I have had my eye on this recipe since my latest Paula (Jan./Feb.) came in the mail. I finally had the opportunity to make it last night for dinner. DELICIOUS!! I know you are never supposed to make changes to a recipe until after you try it the original way the first time, but I am notorious for not having a specific ingredient. So here is the version I made.
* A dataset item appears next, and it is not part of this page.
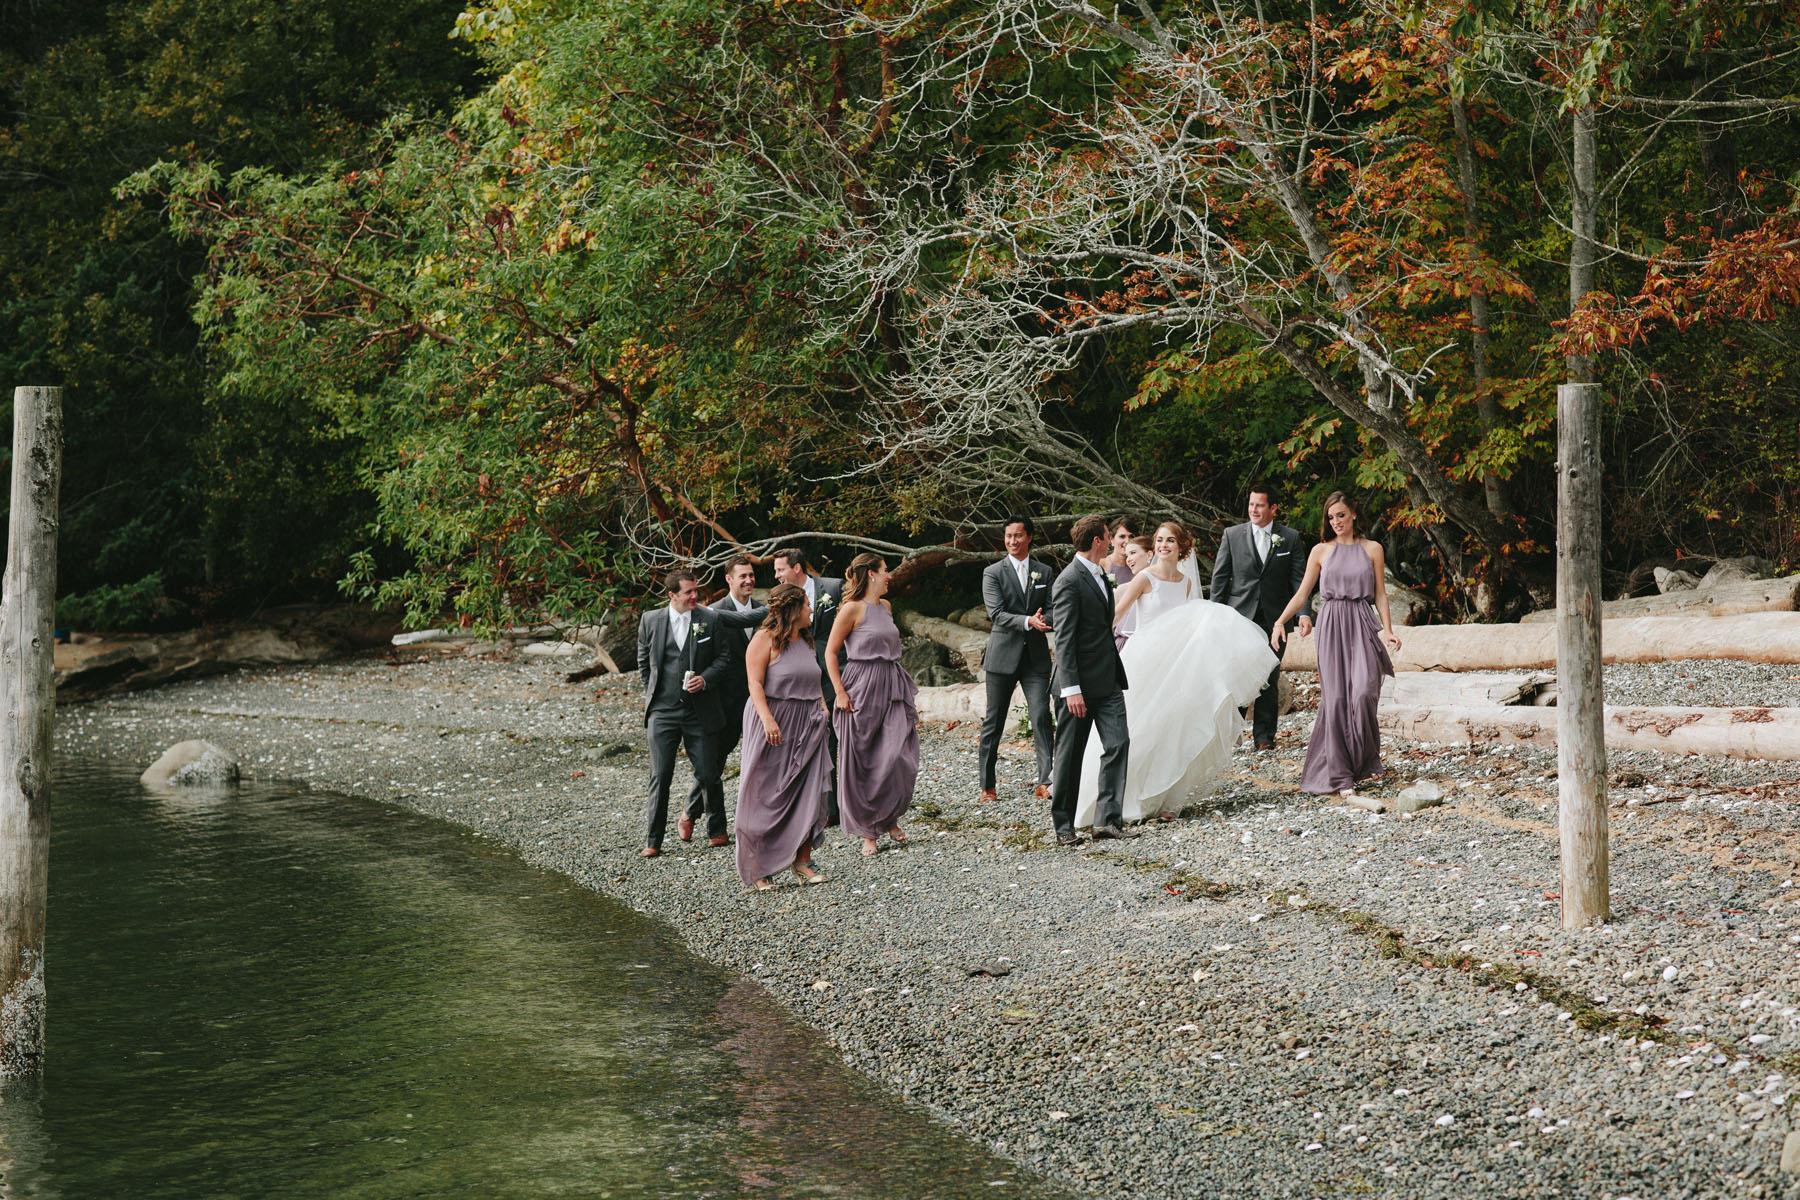 thetis-island-wedding-photographer-rp-rn-112.jpg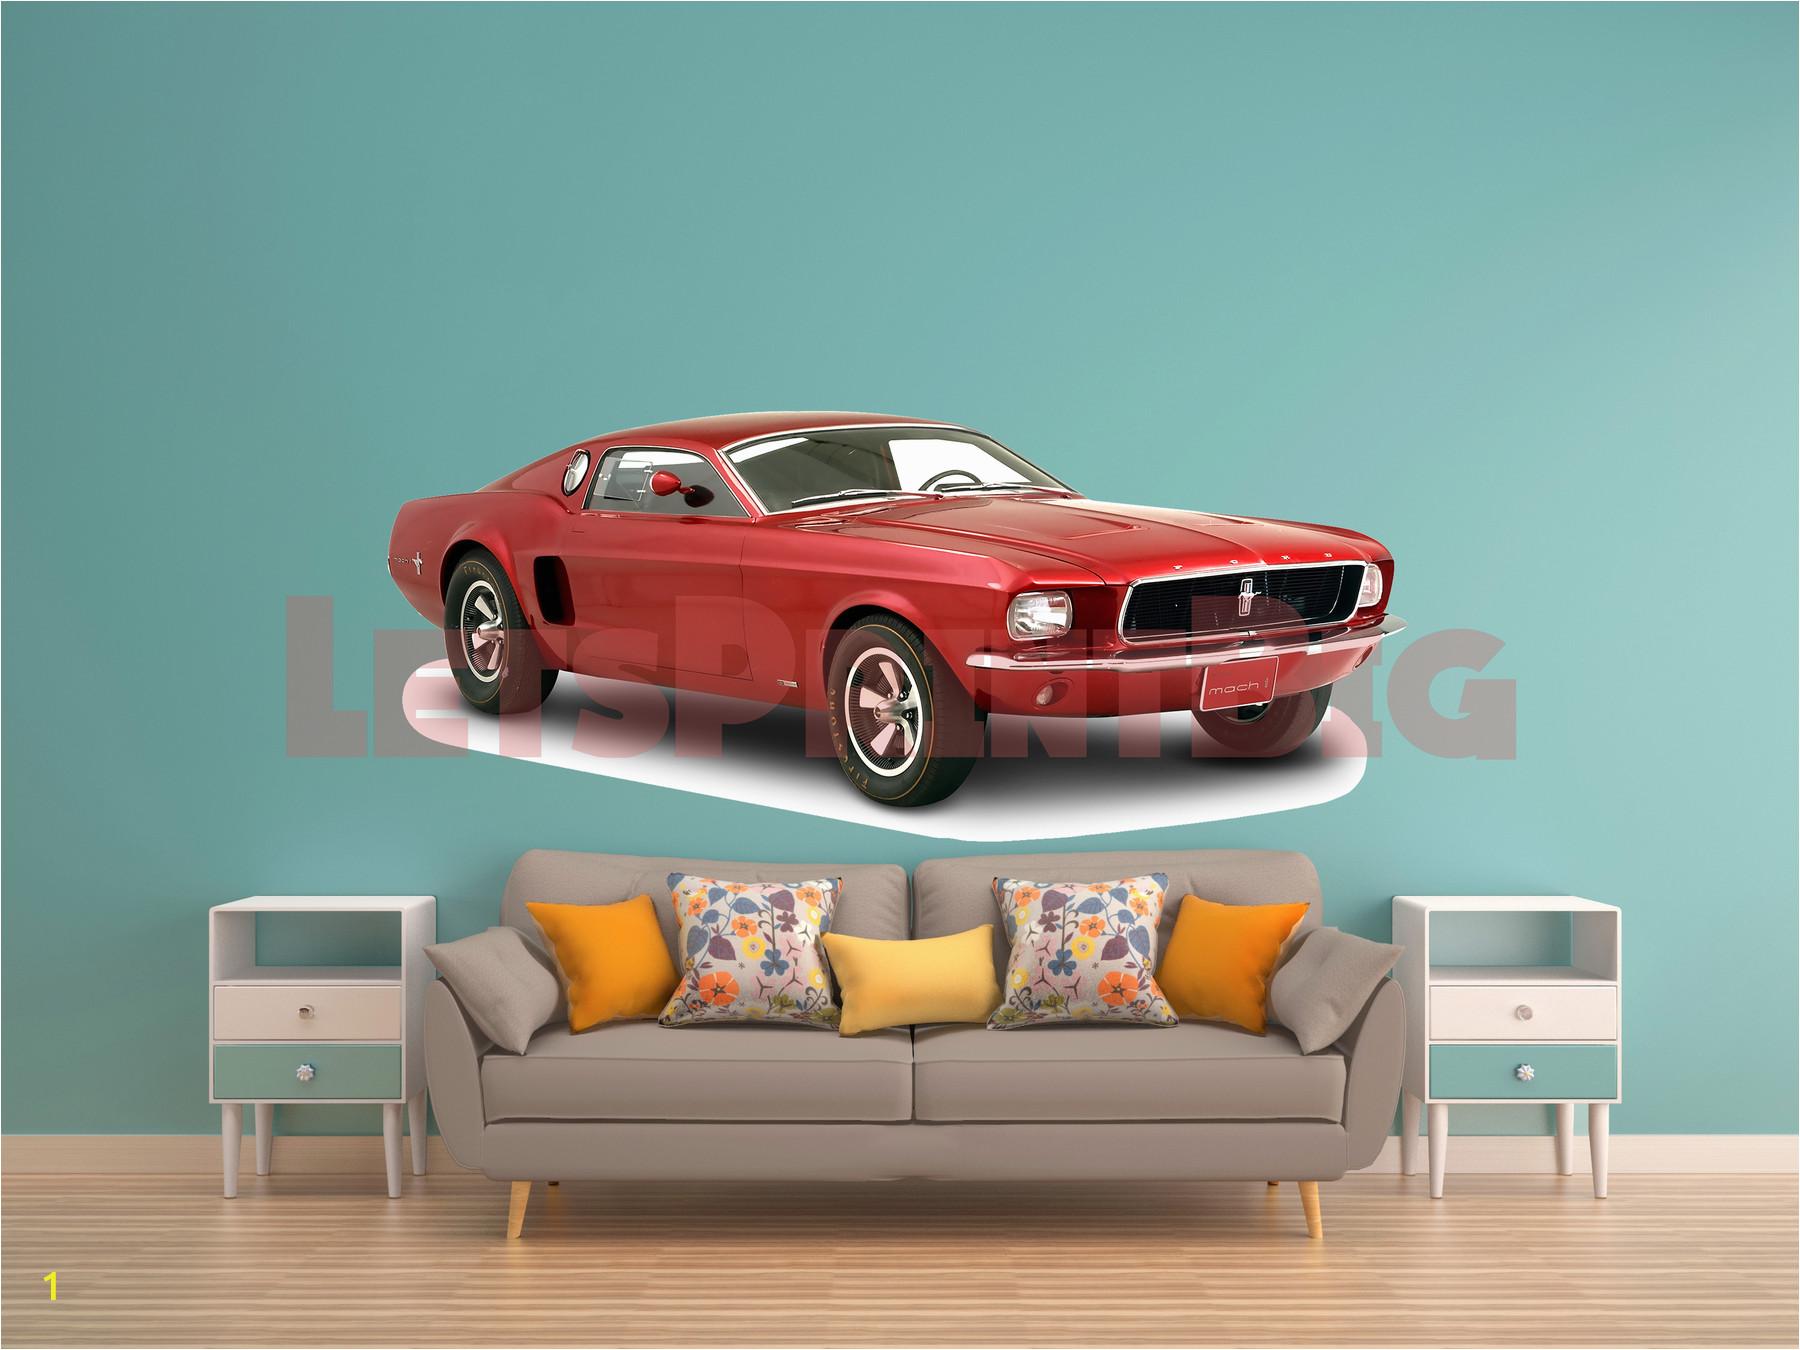 Ford Mustang 1 06d8d01b 69ee 4a2e 8bef f1ab7c e 1800x1800

1 pork tenderloin, trimmed and cut into 1-inch thick slices
salt
pepper
1/2 stick butter, divided into (2) 2 Tbsp. pieces
1 small onion, thinly sliced
1/2 c. white wine
1-1/2 c. heavy cream
1 Tbsp. coarse grained mustard
Sprinkle salt and pepper to taste on both sides of the tenderloin. In a large skillet, melt 2 Tbsp. butter. Add pork and cook on both sides. Remove from skillet and keep warm.
Melt remaining 2 Tbsp. butter in skillet and add onion, stirring constantly, for 2 minutes. Slowly add wine, and cook, stirring to loosen brown bits from the bottom, until the wine is reduced by half. Add cream, and simmer for 4-5 minutes or until sauce is thickened. Stir in mustard. Serve immediately over pork medallions.
**Don't make this sauce ahead of time and plan to reheat to serve. It separates.